Attributes of an IRModule
-------------------------
An IRModule is a collection of functions, indexed by GlobalVars.

.. GENERATED FROM PYTHON SOURCE LINES 156-160

.. code-block:: Python


    mod = mod_from_torch
    print(mod.get_global_vars())





.. rst-class:: sphx-glr-script-out

 .. code-block:: none

    (I.GlobalVar("main"),)




.. GENERATED FROM PYTHON SOURCE LINES 161-163

We can access the functions in the IRModule by indexing with the GlobalVars
or their names

.. GENERATED FROM PYTHON SOURCE LINES 163-170

.. code-block:: Python


    # index by global var name
    print(mod["main"])
    # index by global var, and checking they are the same function
    (gv,) = mod.get_global_vars()
    assert mod[gv] == mod["main"]





.. rst-class:: sphx-glr-script-out

 .. code-block:: none

    # from tvm.script import relax as R

    @R.function
    def main(x: R.Tensor((1, 784), dtype="float32"), p_fc1_weight: R.Tensor((256, 784), dtype="float32"), p_fc1_bias: R.Tensor((256,), dtype="float32"), p_fc2_weight: R.Tensor((10, 256), dtype="float32"), p_fc2_bias: R.Tensor((10,), dtype="float32")) -> R.Tensor((1, 10), dtype="float32"):
        R.func_attr({"num_input": 1})
        with R.dataflow():
            lv: R.Tensor((784, 256), dtype="float32") = R.permute_dims(p_fc1_weight, axes=[1, 0])
            lv1: R.Tensor((1, 256), dtype="float32") = R.matmul(x, lv, out_dtype="float32")
            lv2: R.Tensor((1, 256), dtype="float32") = R.add(p_fc1_bias, lv1)
            lv3: R.Tensor((1, 256), dtype="float32") = R.nn.relu(lv2)
            lv4: R.Tensor((256, 10), dtype="float32") = R.permute_dims(p_fc2_weight, axes=[1, 0])
            lv5: R.Tensor((1, 10), dtype="float32") = R.matmul(lv3, lv4, out_dtype="float32")
            lv6: R.Tensor((1, 10), dtype="float32") = R.add(p_fc2_bias, lv5)
            gv: R.Tensor((1, 10), dtype="float32") = lv6
            R.output(gv)
        return gv




.. GENERATED FROM PYTHON SOURCE LINES 171-181

Transformations on IRModules
----------------------------
Transformations are the import component of Apache TVM. One transformation
takes in an IRModule and outputs another IRModule.

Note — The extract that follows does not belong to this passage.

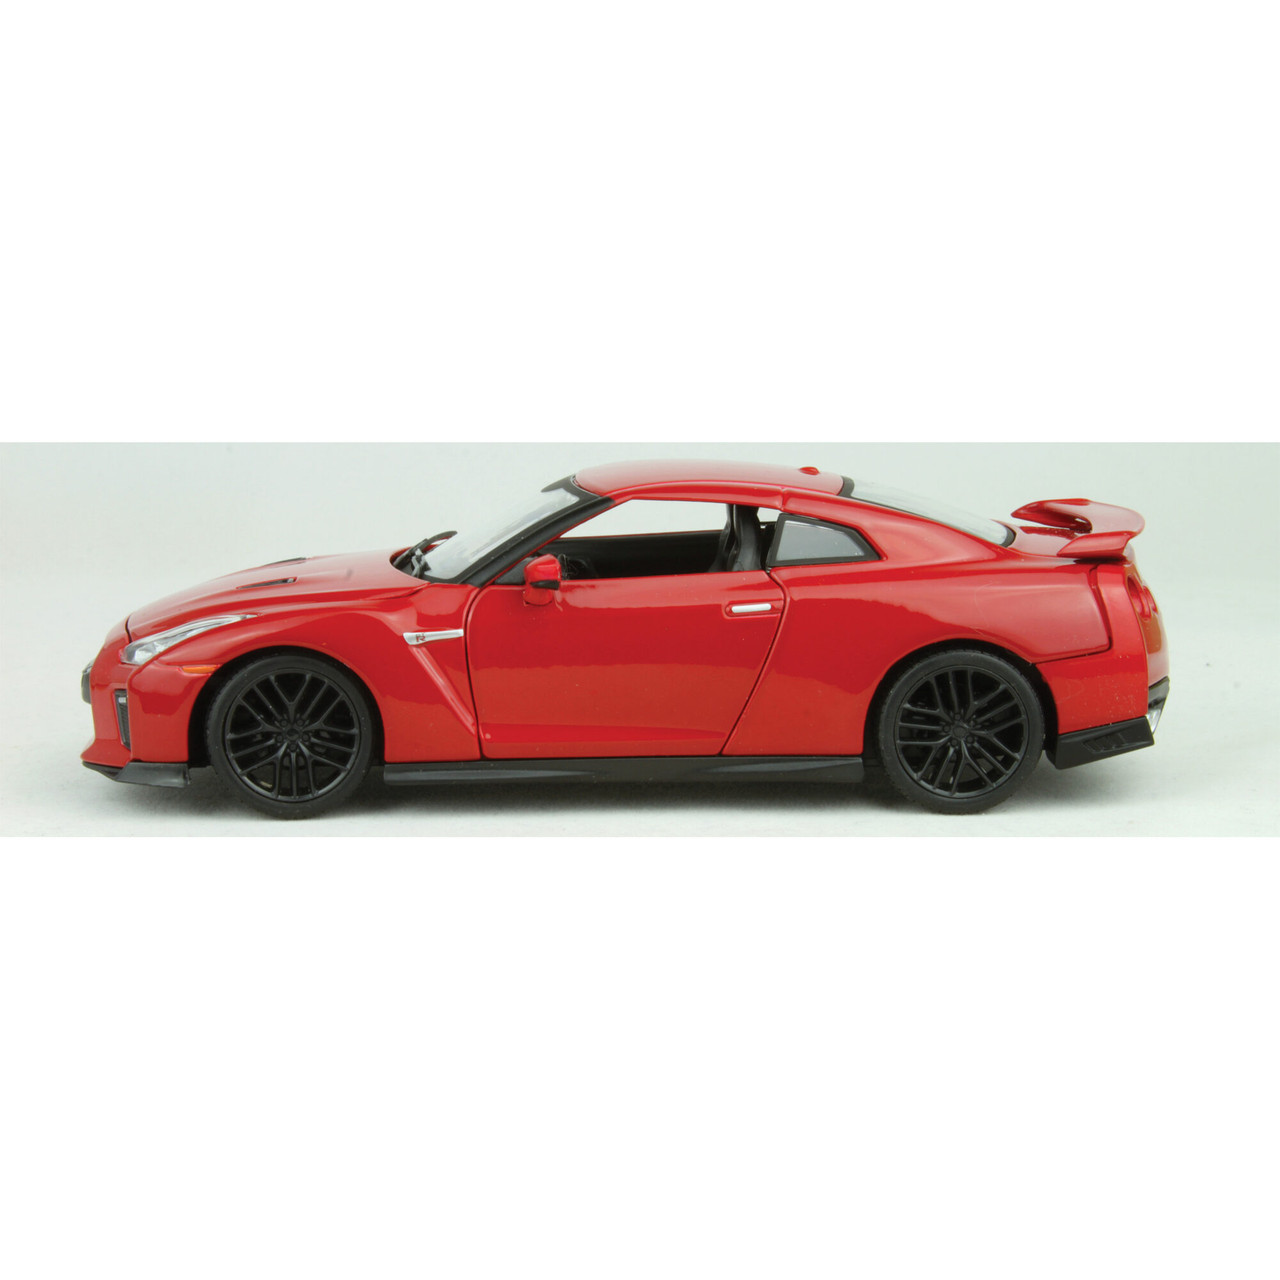 NISSAN GT-R 1:43 MODEL DIECAST SPORTS CAR NEW IN BOX BURAGO FREE POST RED

We can apply a sequence of
transformations to an IRModule to obtain a new IRModule. That is the common way to
optimize a model.

In this getting started tutorial, we only demonstrate how to apply transformations
to an IRModule. For details of each transformation, please refer to the
:ref:`Transformation API Reference <api-relax-transformation>`

.. GENERATED FROM PYTHON SOURCE LINES 183-186

We first apply **LegalizeOps** transformation to the IRModule. This transformation
will convert the Relax module into a mixed stage, with both Relax and TensorIR function
within the same module. Meanwhile, the Relax operators will be converted into ``call_tir``.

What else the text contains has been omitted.